State v. HolmesAnnotate this Case
464 S.E.2d 334 (1995)
The STATE, Respondent, v. Bobby Lee HOLMES, Appellant.
Supreme Court of South Carolina.
Heard April 5, 1995.
Decided November 27, 1995.
*336 Chief Attorney Daniel T. Stacey and Senior Assistant Appellate Defender Wanda H. Haile, both of S.C. Office of Appellate Defense, Columbia, for appellant.
Attorney General Charles M. Condon, Chief Deputy Attorney General Donald J. Zelenka, both of Columbia; and Solicitor Thomas E. Pope, York, for respondent.

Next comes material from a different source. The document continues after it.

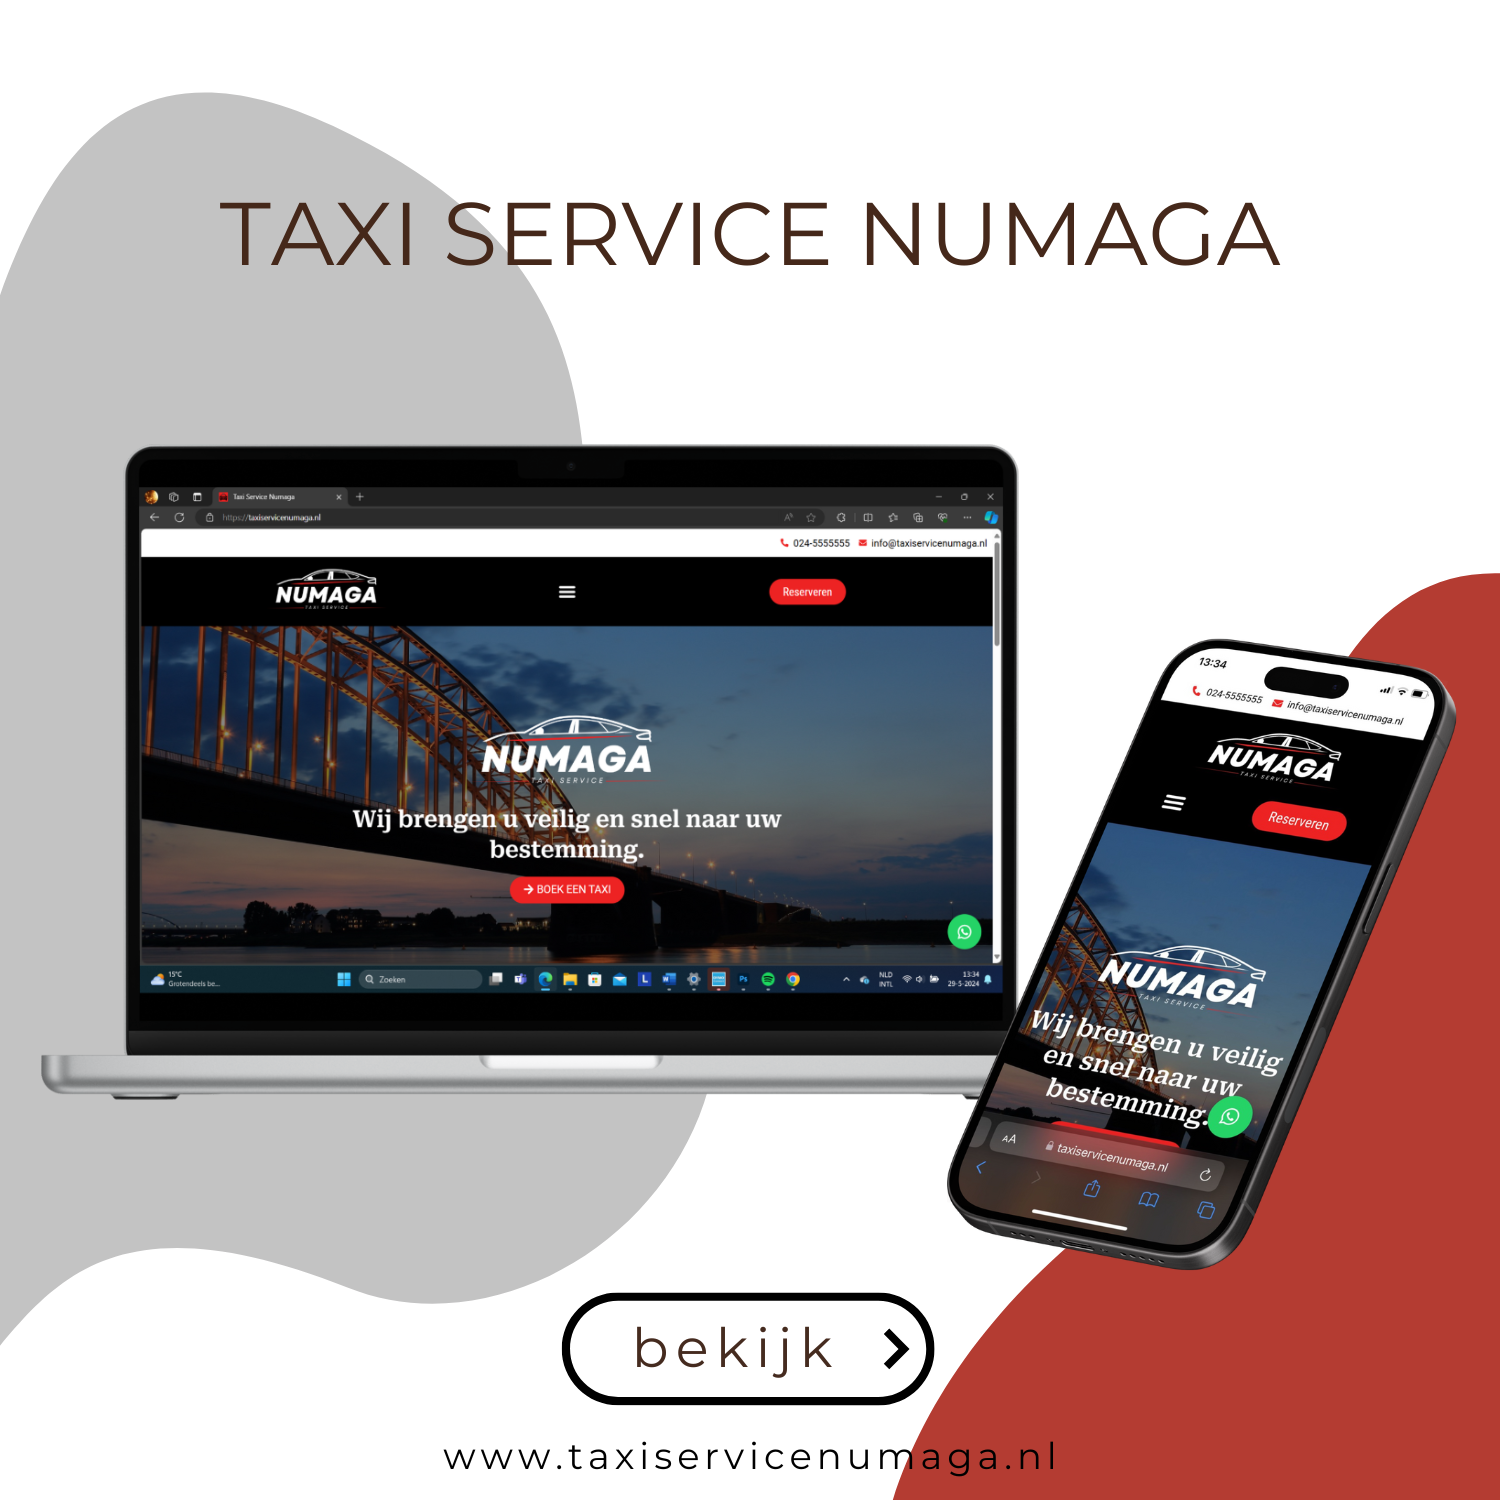 Website Taxi Service Numaga
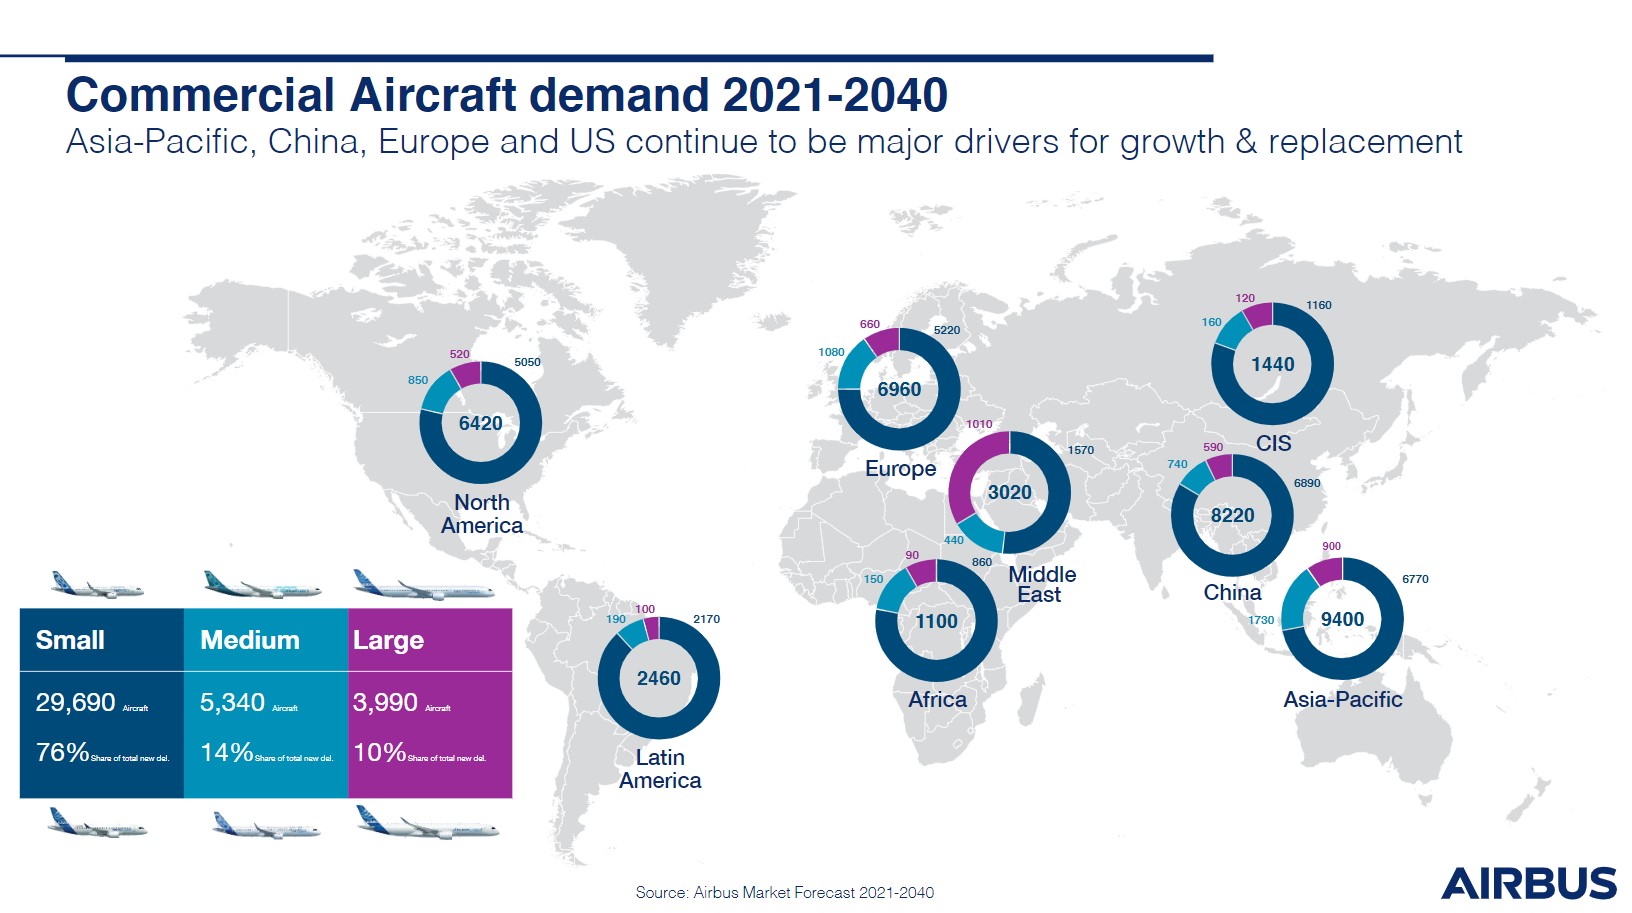 Les projections de demande d'appareils dans le monde d'ici 2040

CHANDLER, Acting Associate Justice:
Appellant was convicted of murder and sentenced to death. Review of appellant's direct appeal has been consolidated with the sentence review mandated by S.C.Code Ann. § 16-3-25 (1985). We affirm.FACTS
The victim in this case, Mary Stewart, was eighty-six years old when she was brutally beaten, sodomized, and robbed on the morning of December 31, 1989. She suffered severe trauma to her head and massive damage to her brain. Within several hours after the assault, she became comatose. Despite efforts to save her, Stewart lapsed into a vegetative state and eventually died on March 10, 1990.
After a four day trial in 1993, appellant was convicted of Stewart's murder and received the death penalty. He was also convicted of first degree burglary, first degree criminal sexual conduct, and robbery. On appeal, he alleges the trial court erred during voir dire and during both the guilt and sentencing phases of trial.I. VOIR DIRE ISSUES A. Venireperson D. Brown
In response to questioning by the State during voir dire, venireperson D. Brown stated she did not believe in the death penalty and therefore could only vote for life imprisonment. The trial court then excused Brown without giving appellant an opportunity to question her. Appellant argues this was error. We agree. See State v. Atkins, 293 S.C. 294, 360 S.E.2d 302 (1987), cert. denied, 501 U.S. 1259, 111 S. Ct. 2913, 115 L. Ed. 2d 1076 (1991), overruled on other grounds, State v. Torrence, 305 S.C. 45, 406 S.E.2d 315 (1991); S.C.Code Ann. § 16-3-20(D) (Supp.1994). However, for the following reason, we hold that the error was harmless.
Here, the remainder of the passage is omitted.